Makes no sense that I can see, which makes me suspect a compiler bug. Where did you get that build / how did you built it?
I built another on the host and it works! Only Alpine build fails.
this(andparent) is null in frame 0. But frame 1 should be passing those values along...?
My first thought was that it was a GDB problem, because it was not able to map .h files correctly. It is a reason why I built a host to have the correct paths, and it was working.
Makes no sense that I can see, which makes me suspect a compiler bug. Where did you get that build / how did you built it?

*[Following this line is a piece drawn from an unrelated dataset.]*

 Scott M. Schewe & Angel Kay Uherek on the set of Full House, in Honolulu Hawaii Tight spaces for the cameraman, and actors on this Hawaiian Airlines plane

I downloaded builds from releases here. For build I followed the steps from actions: https://github.com/WebAssembly/binaryen/blob/main/.github/workflows/create_release.yml#L147-L153
Thanks, I can confirm this with the alpine release builds.
One difference there is that they build with mimalloc. Building with that locally, I don't see the problem (same as you iiuc).

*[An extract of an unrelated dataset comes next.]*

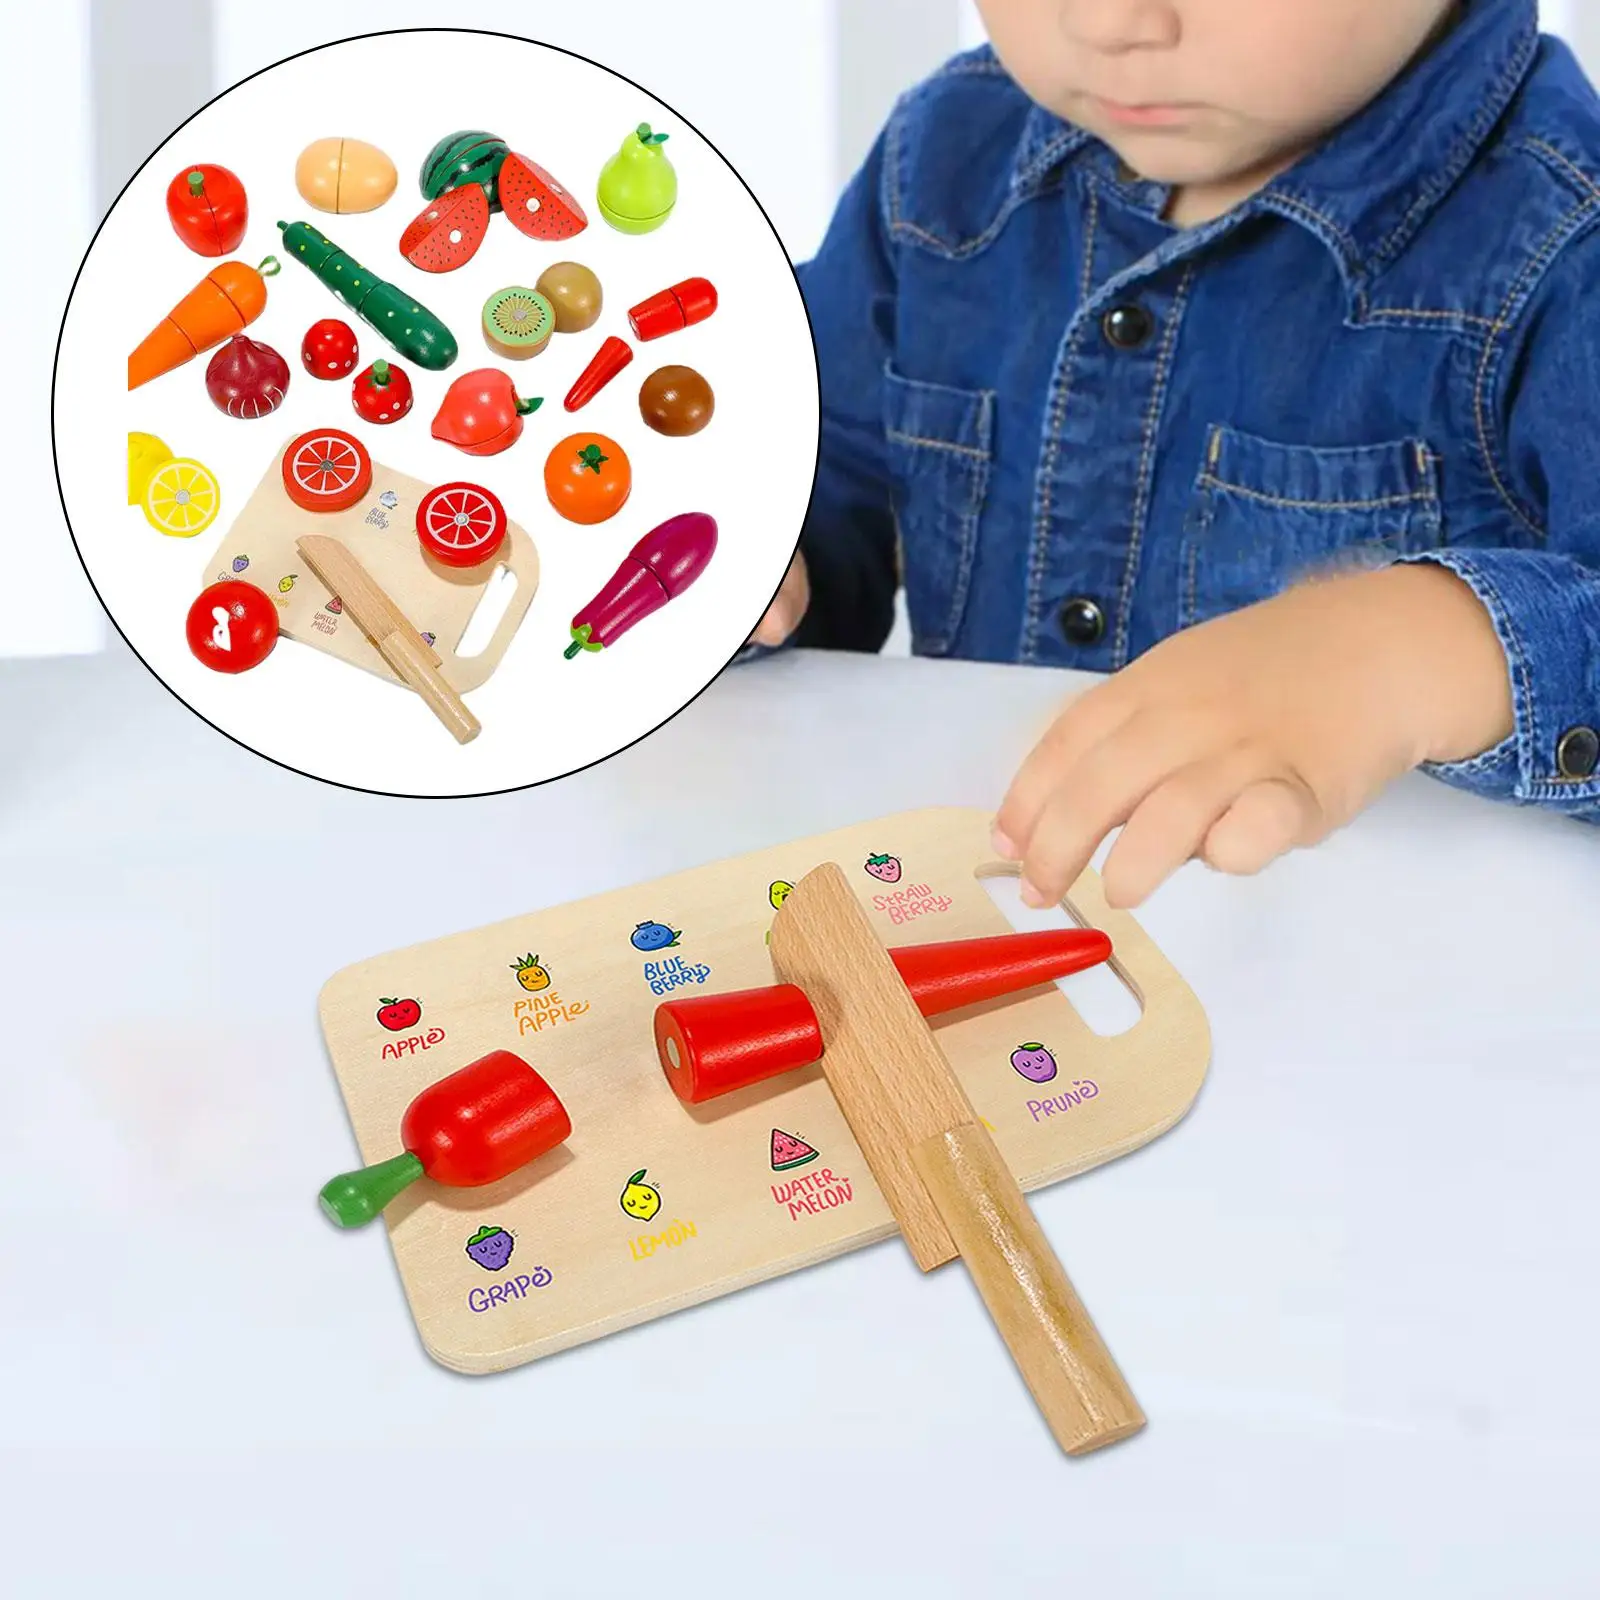 Toddler Cutting Food Fruit Set Pretend Play Toy Early Development Colorful for 3, 4, 5, 6 Year Old Durable Easily Store Gift

I also did a bunch of experiments with gcc/clang and with or without asan. Nothing led to the problem.
Overall this suggests the issue is specific to the alpine builds, perhaps the specific compiler version, or the specific libc that is statically linked in.
One frame above looks legit:
It is a mystery why it's crashes here with this == NULL?
Another finding, if I run on single core (no matter which one), it works, but if I use at least two cores, it crashes.
I tried building the 120 version using the same Alpine container and Vualia. It crashes the same. It is not the code to blame, but something new in the Alpine or compiler.
Also, it always crashes on DropId.
Update: removing -DBUILD_MIMALLOC=ON does not help either the 124 or 120 versions.